The ruble declined, extending its steepest three-day slump in almost 10 months, after oil traded below $73 a barrel and concern deepened the global economic recovery may slow.
The Russian currency depreciated 2.2 percent to 30.5638 per dollar in Moscow, retreating 4.8 percent in three days to the lowest since Sept. 16. Crude slipped as much as 1.4 percent to $72.54 a barrel in New York.
Russia is headed for its first economic contraction in a decade this year after the global financial crisis cut demand for commodities, the country’s main source of export revenue. Finance Minister Alexei Kudrin said the country remained a “weak link” in global finance and that the economy still isn’t strong enough to continue attracting investment when the U.S. and Europe start raising interest rates.
“Market is very nervous and a lot of participants have view that this ruble risk aversion can be continued,” said Luis Costa, an emerging-market debt strategist at Commerzbank AG in London. “Russian capital flows continue to be extremely linked to global stocks sentiment. A break in this cycle can easily bring the ruble down a lot once again.”
The extra yield investors demand to own Russia’s bonds instead of U.S. Treasuries rose the most in more than a week, adding 15 basis points to 2.36 percentage points, according to JPMorgan Chase & Co.’s EMBI+ Index.
Russia’s 30-stock Micex Index fell for a second day, losing 0.8 percent. The MSCI Emerging Markets Index of 22 developing nations posted its longest losing streak in five weeks, after rating companies highlighted the risk of government deficits and U.S. Federal Reserve Chairman Ben Bernanke said the world’s largest economy faces “formidable headwinds.”
Unexpected Drop
A report today showed German industrial output unexpectedly fell for the first time in three months in October.
The ruble has climbed 15 percent in 10 months and the 30- stock Micex Index has more than doubled this year as signs of global economic recovery sent commodity prices higher, boosting the income outlook for producers.

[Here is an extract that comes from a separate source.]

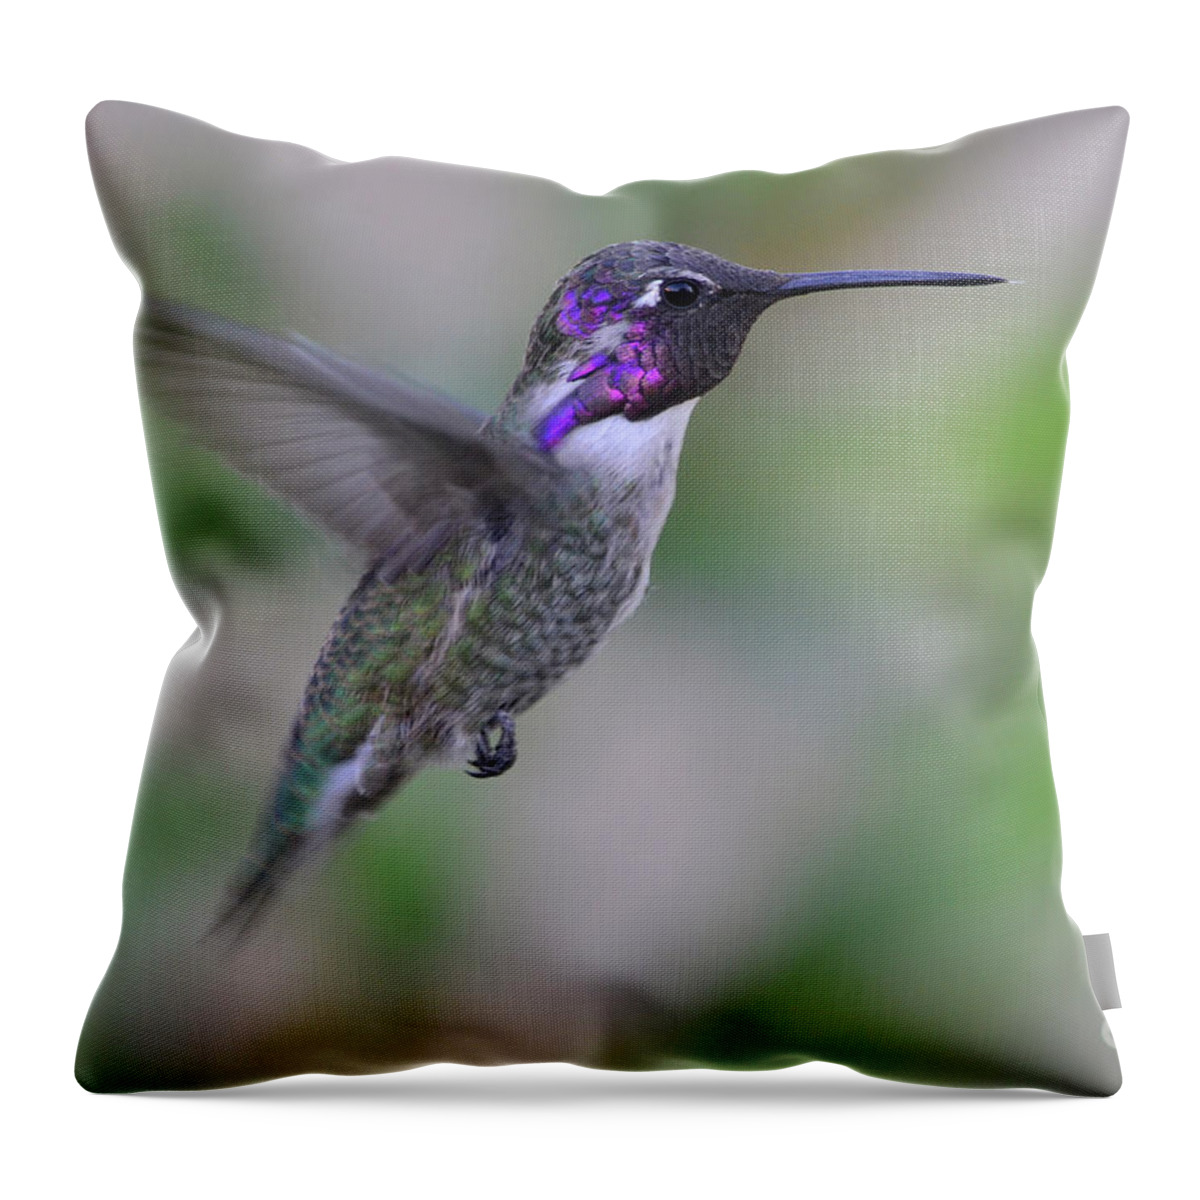 Rose Throw Pillow featuring the photograph Hummingbird Flight by Debby Pueschel
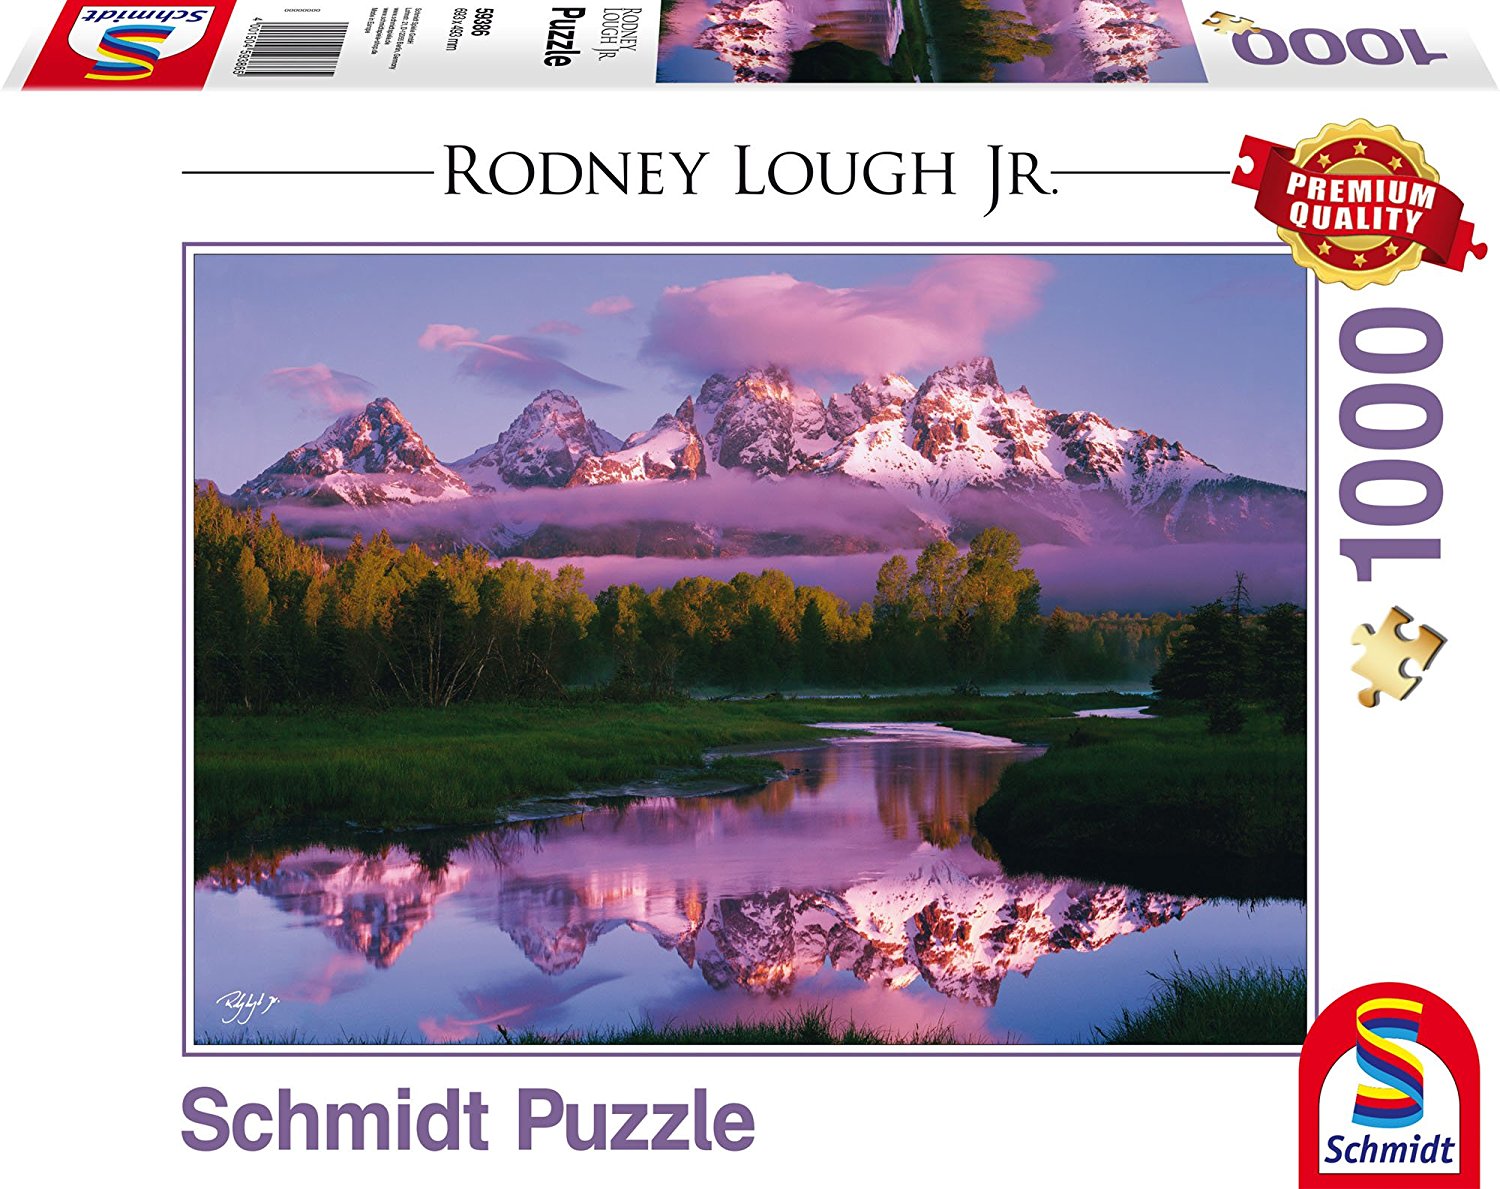  Puzzle Rodney Lough 1000 Piezas Canyon Song Schmidt Spiele Puzzle 59387 

A stronger U.S. dollar and a reversal of fund inflows out of commodity markets are among the key risks that may halt a rally in raw-material prices, JPMorgan analysts led by Adrian Mowat wrote in a report. The downgraded their recommendation on the country’s equity market, the world’s best performer this year.
The ruble weakened 35 percent against the dollar between August 2008 and January as Bank Rossii undertook its “gradual devaluation” to support the country’s exporters amid falling commodity prices. The currency has regained 26 percent of its value between February and Nov. 11, when the ruble hit 28.6613 against the dollar, its strongest level this year, as the oil price doubled in the same period.
‘Proxy for Risk’
Russia’s currency is a “proxy for risk” more so than most other currencies in the region because of the economy’s reliance on commodity prices, leaving the ruble vulnerable to investor perception swings, according to Ivan Tchakarov, an economist at Nomura Holdings Inc. in London.
Investors increased bets that the ruble will decline further, with non-deliverable forwards showing the currency at 30.77 per dollar in three months, from an NDF of 30.38 on Dec. 7. The contracts are a guide to expectations of currency movements as they allow foreign investors and companies to fix the exchange rate at a particular level in the future.
The ruble declined 1.8 percent to 45.0864 per euro today, the weakest since Sept. 16. The movements against the dollar and the euro left the ruble at 37.0957 against the central bank’s target currency basket, which is used to manage swings that hurt Russian exporters.
The basket is calculated by multiplying the dollar’s rate to the ruble by 0.55, the euro to ruble rate by 0.45, then adding them together. The ruble remains within the 26 to 41 band the central bank pledged Jan. 22 to defend.